According to Durant, the team hypothesized a steep decrease in traffic-related air pollution and set out to measure the amount of decrease and its impact on Somerville’s air quality.
"So what we wanted to do was to characterize air pollution levels during a significant drop off in traffic so we can quantify the relationship between traffic decrease and ... air quality improvement," Durant said.
Patton noted that to gather data, the team drove the Tufts Air Pollution Monitoring Lab, an electric vehicle equipped to monitor air quality, through Somerville on 15 different days between March 24 and May 14.
"The biggest challenges in natural experiment research are getting on the ground quickly and finding the right comparison to make … we were fortunate that the Tufts Mobile Air Pollution Laboratory was ready and able to quickly get in the field during the period of lowest traffic this past spring," Patton said.

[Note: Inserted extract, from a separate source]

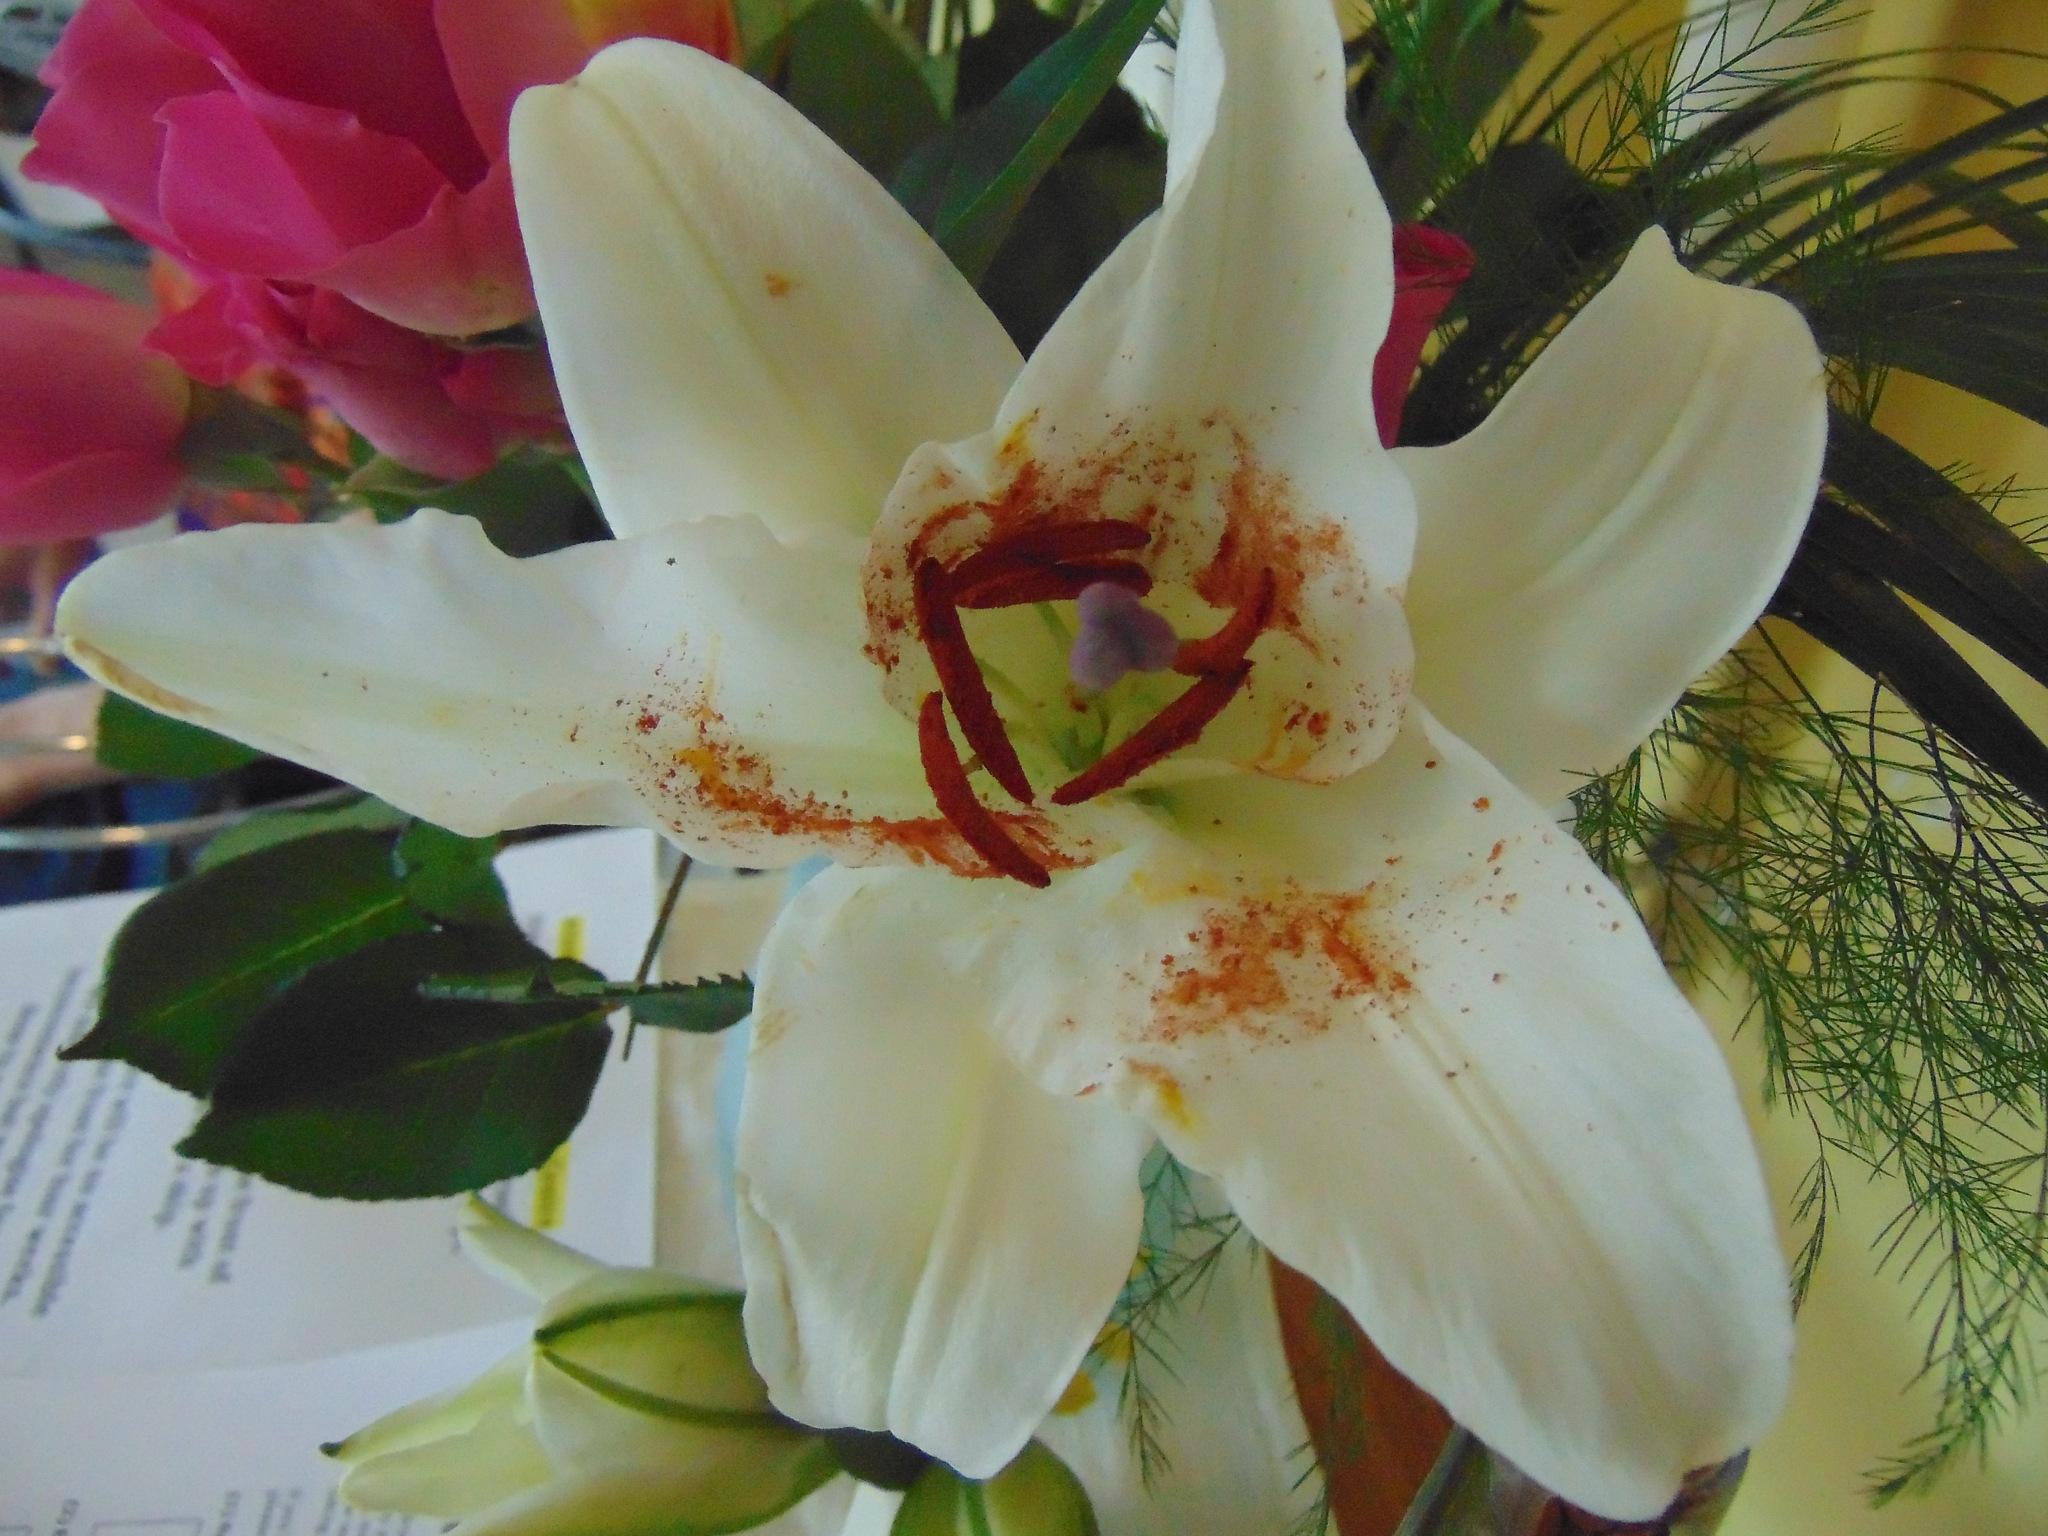 Lily by brian.f.kirkham

Durant explained that while the team observed a 70% decrease in ultrafine particles, which are emitted by gasoline-powered vehicles and are associated with many adverse health effects, the decrease in black carbon pollutants, which are emitted by buses and trucks, was smaller because trucks are still making deliveries in the city.

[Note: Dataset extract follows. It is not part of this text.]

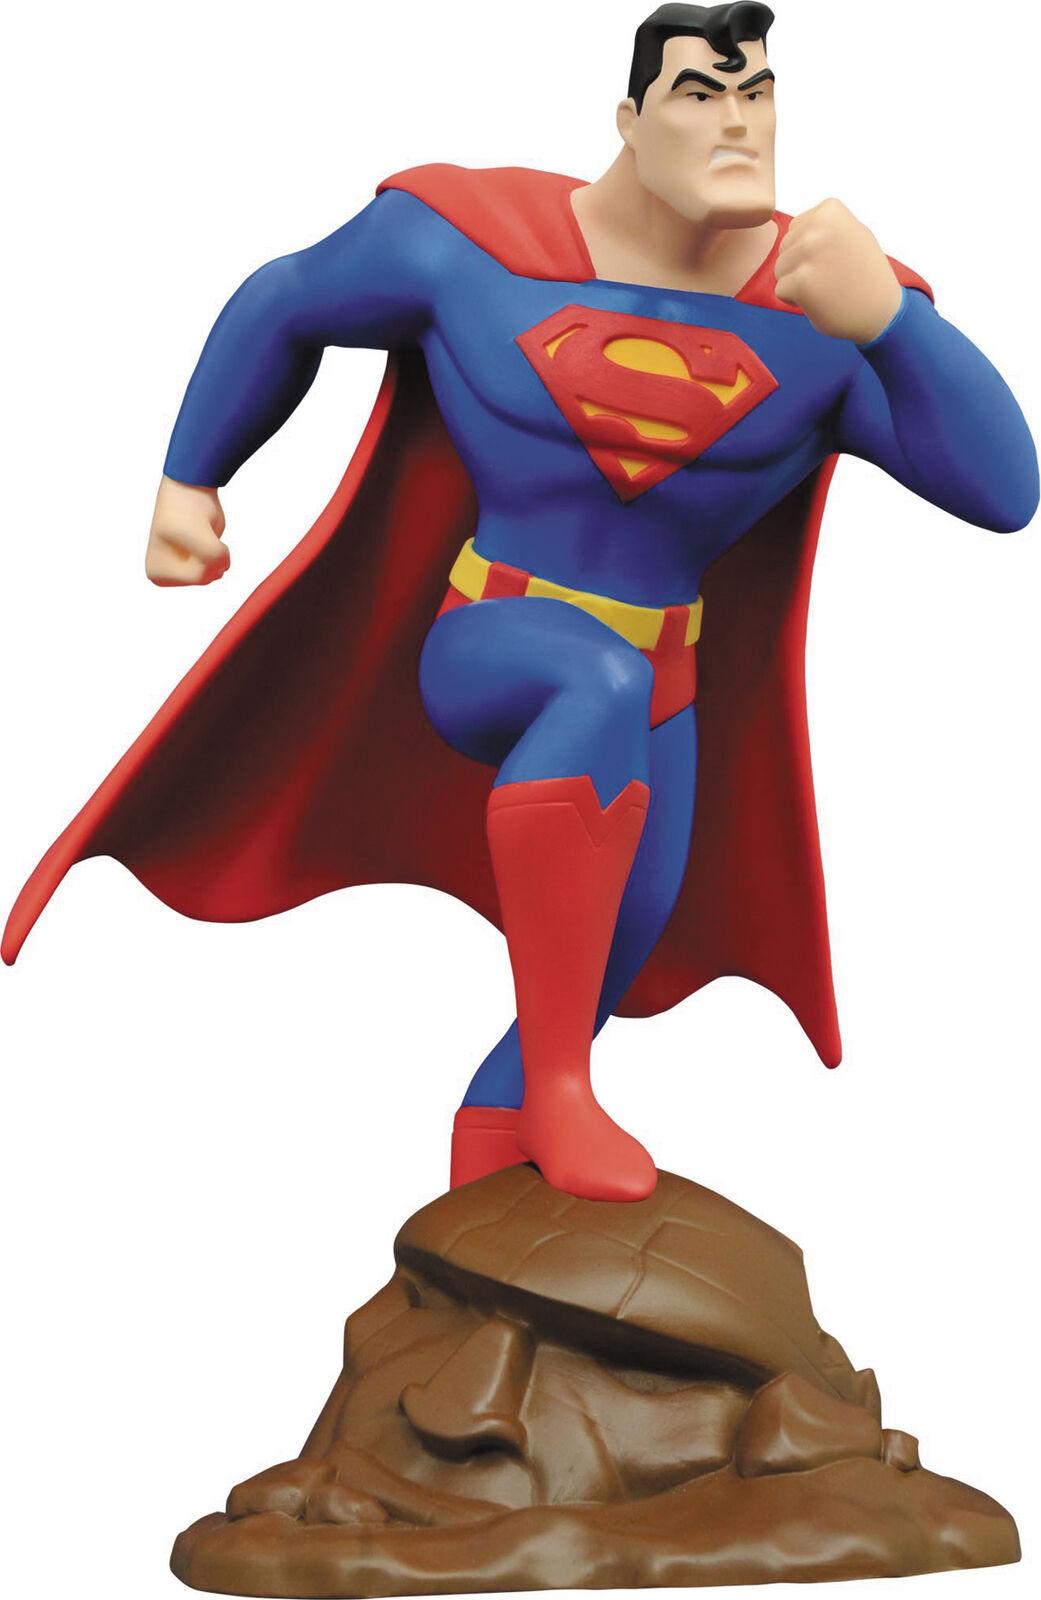 Dc diamond galerie superman tas pvc figure neue boxen

Hudda highlighted the negative health effects ultrafine particles can cause.
“Ultrafine particles, in general, are associated with a whole bunch of health effects,” Hudda said. “[They are] very small, tiny, so they … can get inside your body and then get systematically dislocated to different, various parts of the organs; they can cross that bridge area into the brain [area] generally associated with systemic inflammation.”
Durant said that the findings of the study can be used to make decisions about city planning, as they offer a quantified relationship between traffic and air quality.
"If you reduce traffic by 50%, how much air quality benefit do you get?” Durant said.
The research is also relevant to concerns about air pollution and climate change, especially as states try to emerge from strict lockdowns, according to Hudda.
"We're going through a phase of the lowest carbon emissions since World War II that we’ve seen in this country, and lots of people are looking at the impacts of all that on air quality," Hudda said.